WHAT YOU ARE ASKED TO DO
Compute how many lines in the entries below contain "size", and output nothing but the number.

Stored items from a collection
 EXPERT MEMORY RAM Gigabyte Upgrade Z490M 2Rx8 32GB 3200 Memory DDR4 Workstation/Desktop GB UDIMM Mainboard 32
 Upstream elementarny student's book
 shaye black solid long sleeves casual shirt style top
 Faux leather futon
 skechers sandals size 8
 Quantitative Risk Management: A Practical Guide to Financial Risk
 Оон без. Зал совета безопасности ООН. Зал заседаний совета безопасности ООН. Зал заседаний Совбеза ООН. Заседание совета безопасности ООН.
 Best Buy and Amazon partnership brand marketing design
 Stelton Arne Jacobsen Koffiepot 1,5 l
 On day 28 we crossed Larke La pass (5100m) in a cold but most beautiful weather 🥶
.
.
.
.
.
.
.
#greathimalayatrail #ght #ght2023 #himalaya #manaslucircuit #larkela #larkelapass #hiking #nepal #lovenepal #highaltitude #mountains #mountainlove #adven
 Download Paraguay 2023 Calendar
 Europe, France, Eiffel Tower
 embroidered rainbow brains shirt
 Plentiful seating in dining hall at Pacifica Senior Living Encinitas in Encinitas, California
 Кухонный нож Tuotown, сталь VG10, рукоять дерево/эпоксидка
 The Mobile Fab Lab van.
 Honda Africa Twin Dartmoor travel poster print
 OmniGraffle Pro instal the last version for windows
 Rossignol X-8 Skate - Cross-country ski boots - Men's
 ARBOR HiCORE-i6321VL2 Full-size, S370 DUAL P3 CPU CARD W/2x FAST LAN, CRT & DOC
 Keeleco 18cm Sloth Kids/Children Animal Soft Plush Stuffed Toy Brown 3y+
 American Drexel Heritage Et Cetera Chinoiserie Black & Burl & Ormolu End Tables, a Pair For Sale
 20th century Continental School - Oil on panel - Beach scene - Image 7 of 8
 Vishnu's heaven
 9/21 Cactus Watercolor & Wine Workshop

WRITTEN ANSWER
2